Why do forms fail in Windows Services - windows-services

I understand that Window's Services have no desktop, and can't access any of the user's desktops directly (indeed, they can run when there is no desktop loaded). Why is it though that launching a form in a Window's Service causes an error?

A service should run without any user interaction, so there is no need for a form. If a service has to wait around for user feedback then it probably isn't going to be doing what it is supposed to.

You have to understand three related concepts: sessions, windows stations and desktops. But because there's a one-to-one relationships between sessions and stations, we can broadly ignore stations for this discussion. A session contains a station (winSta0 being the only interactive station) and stations contain one or more desktops.
Now session architecture differs according to Windows version. For NT <= 5 (XP/2003 and everything before them) services execute in session 0 along with the interactive user's apps. This is why you can configure services to interact with the desktop in these Windows NT versions - they are in the same session. For NT >= 6 (Vista, Server 2008 going forwards), services exists in session 0 but the interactive desktop is in another session. This is what's known as "service hardening", and is basically a security fix.
So since session 0 apps cannot get at the interactive console, it makes no sense for them to attempt to display a user interface of any kind.
Just to make this more confusing, Vista has a temporary kludge to cater for this situation: if an app in session 0 tries to create a dialog, Windows will trap this and present a warning to the user so they switch to a (I presume temporary) desktop where they can interact with the dialog. However this measure is explicitly temporary and you cannot rely upon it being in future Windows releases. I've seen this working in native code, but I suspect you are in managed code and the runtime is being smart enough to catch your behaviour and deliver a metaphorical slap to the hindquarters :-).

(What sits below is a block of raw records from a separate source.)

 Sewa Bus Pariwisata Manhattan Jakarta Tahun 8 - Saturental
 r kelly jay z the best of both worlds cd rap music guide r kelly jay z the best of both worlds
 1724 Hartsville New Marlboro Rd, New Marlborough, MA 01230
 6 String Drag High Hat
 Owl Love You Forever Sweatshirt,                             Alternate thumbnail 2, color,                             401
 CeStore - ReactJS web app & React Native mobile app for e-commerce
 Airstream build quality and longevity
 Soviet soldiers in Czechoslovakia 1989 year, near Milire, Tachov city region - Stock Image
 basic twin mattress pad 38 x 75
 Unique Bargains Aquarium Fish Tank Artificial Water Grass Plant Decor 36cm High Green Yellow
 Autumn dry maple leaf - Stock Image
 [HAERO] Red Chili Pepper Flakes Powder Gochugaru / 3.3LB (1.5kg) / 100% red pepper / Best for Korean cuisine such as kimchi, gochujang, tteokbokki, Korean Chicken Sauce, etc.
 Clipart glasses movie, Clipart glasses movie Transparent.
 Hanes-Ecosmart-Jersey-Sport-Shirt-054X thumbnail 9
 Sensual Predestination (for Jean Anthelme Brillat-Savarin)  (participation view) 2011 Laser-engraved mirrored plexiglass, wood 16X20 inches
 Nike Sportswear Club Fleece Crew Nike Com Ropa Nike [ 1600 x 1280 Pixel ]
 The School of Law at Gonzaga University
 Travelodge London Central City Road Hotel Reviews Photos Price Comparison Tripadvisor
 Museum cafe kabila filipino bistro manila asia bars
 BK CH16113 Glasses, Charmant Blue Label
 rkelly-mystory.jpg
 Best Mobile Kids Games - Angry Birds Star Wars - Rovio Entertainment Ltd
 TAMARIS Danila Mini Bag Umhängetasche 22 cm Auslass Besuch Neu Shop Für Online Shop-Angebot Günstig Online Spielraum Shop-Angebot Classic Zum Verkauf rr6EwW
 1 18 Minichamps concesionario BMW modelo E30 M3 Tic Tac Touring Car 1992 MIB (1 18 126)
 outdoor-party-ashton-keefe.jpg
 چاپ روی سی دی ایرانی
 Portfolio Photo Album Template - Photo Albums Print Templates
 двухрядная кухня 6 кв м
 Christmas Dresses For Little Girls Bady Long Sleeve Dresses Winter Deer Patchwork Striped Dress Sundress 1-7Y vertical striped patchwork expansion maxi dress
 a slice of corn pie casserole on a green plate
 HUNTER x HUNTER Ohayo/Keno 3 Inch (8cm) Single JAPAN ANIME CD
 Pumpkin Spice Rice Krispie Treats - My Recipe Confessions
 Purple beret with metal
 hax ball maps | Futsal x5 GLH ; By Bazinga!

Ummm... what and whose desktop is that form going to appear on, exactly? A 'desktop' is an operating system concept: each window handle is owned by a specific desktop within a window station belonging to a single (interactive) user. The process within which the service is executing isn't going to find the user's visible desktop in its window station. For a rather dry reference, look at MSDN.
Actually, it's even nastier. You might be able to configure permissions for the service to be able to create a desktop -- but then nobody will see it! Alternatively, you could grant the process the rights to switch desktops, and confuse the heck out of the user!

There's a setting you must enable in order to allow your Windows Service to access certain folders directly (like desktop) or show forms (including MessageBox pop-ups): "Allow service to interact with desktop"
To see this, right click on My Computer => Manage => Services and Applications => Services. Double-click on a service to access its properties. On the "Log On" tab there is a checkbox for this setting.
Here is an article for how to set it programmatically in C#
[Edit] As Stephen Martin points out in the comments: this is only valid advice for pre-Vista versions of Windows.

Because if nobody is going to see the Form, nobody is going to dismiss it - running a modal dialog is a recipe for a hang - so you want it to complain loudly when this happens rather than sit there quietly until you kill the process (or look at a stack trace to determine what'd going on). (The other obvious problem is, who is going to pick the DialogResult if there is more than one possibility?) You want to know when this is happening. (Assert dialogs that dont throw if they cant show anything are a fun way of making people mad.).
In other words, because you want to know when things are confused enough in your code that a dialog is being shown within a service context.
(I'm assuming you're using Windows Forms on .NET, eve though you didnt tag it as such)
(If you have correctly configured things such that the service is allowed to interact with the desktop, you won't get an Exception)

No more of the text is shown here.